Своими сузившимися, покрасневшими глазами Винсент поймал взгляд брата.

– Тео, почему ты молчал? Почему я ничего не знал? Почему ты не привез меня сюда раньше? Из—за тебя я потерял даром шесть долгих лет.

– Потерял даром? Глупости. Ты вырабатывал свою манеру. Ты пишешь как Винсент Ван Гог и никто другой на свете. Если бы ты приехал сюда раньше, не выносив и не найдя собственный стиль, Париж подчинил бы тебя и увлек за собой.

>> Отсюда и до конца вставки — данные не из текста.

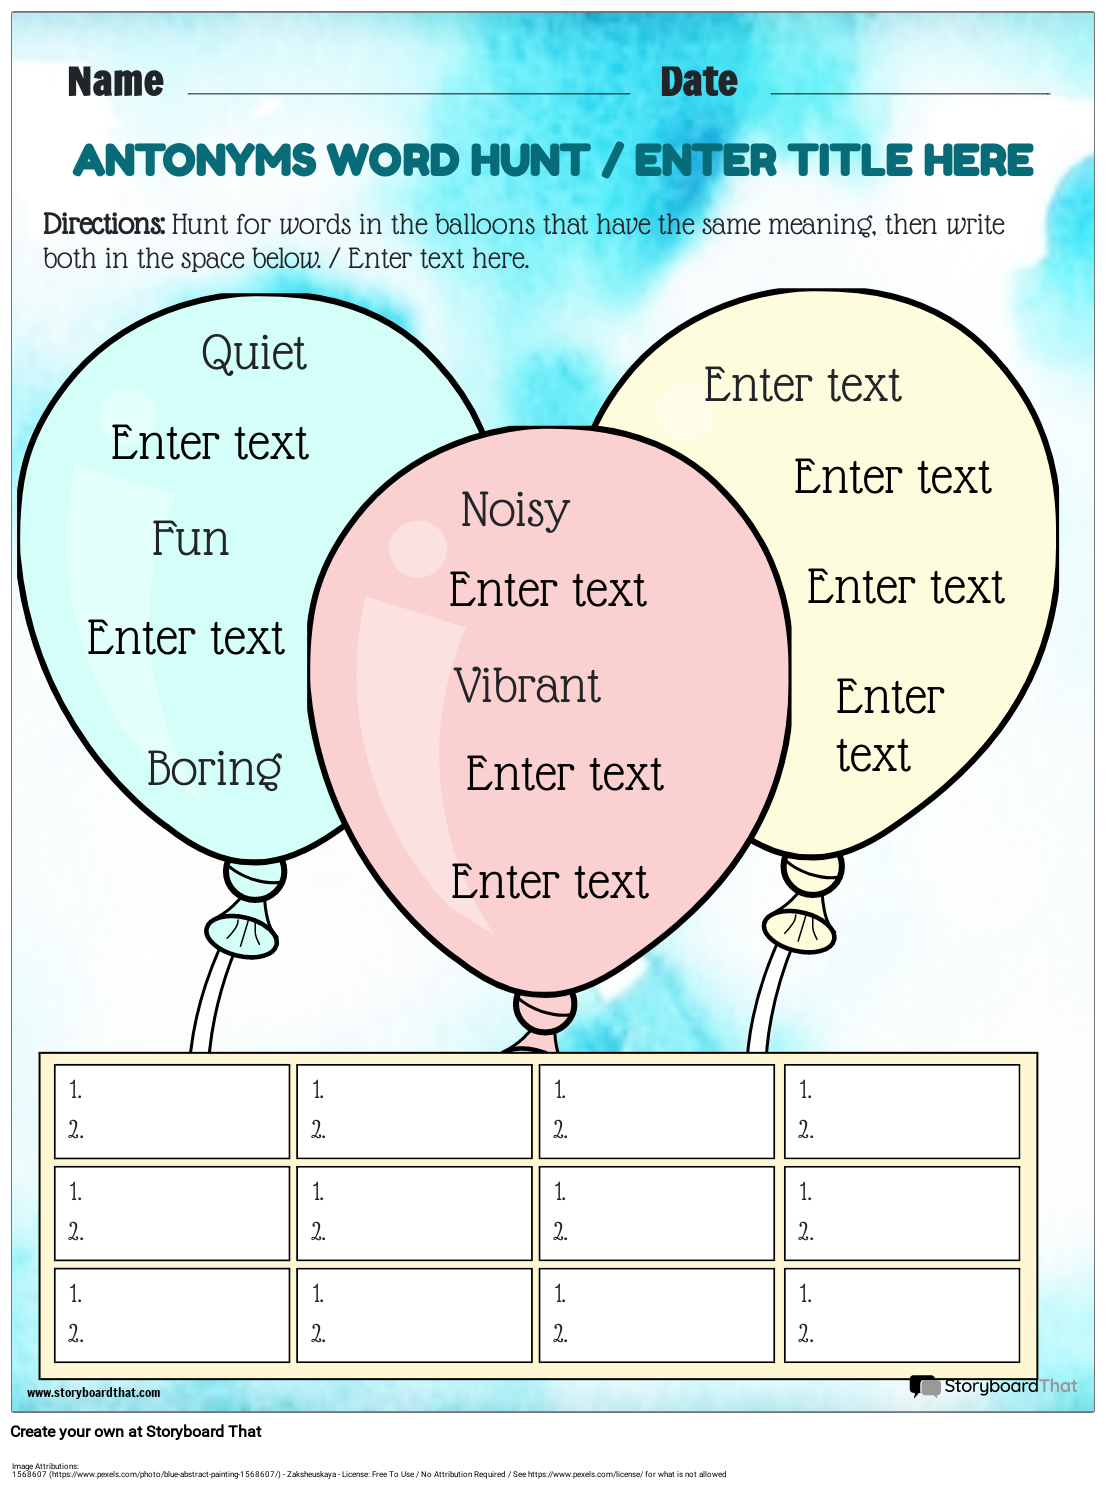 Word Hunt for Synonyms Worksheet

– Но что мне теперь делать? Взгляни на это дерьмо! – Носком башмака Винсент подбросил большое темное полотно. – Все это мертвым—мертво, Тео. И никому не нужно.

– Ты спрашиваешь, что тебе делать? Слушай же. Ты должен учиться у импрессионистов. Свет и колорит – это ты должен у них позаимствовать. Но не больше. Понимаешь? Ты не должен подражать. Не давай себя оболванить. Не позволяй Парижу подчинить и подмять себя.

– Но, Тео, ведь я должен учиться заново. Все, что в делаю, неверно.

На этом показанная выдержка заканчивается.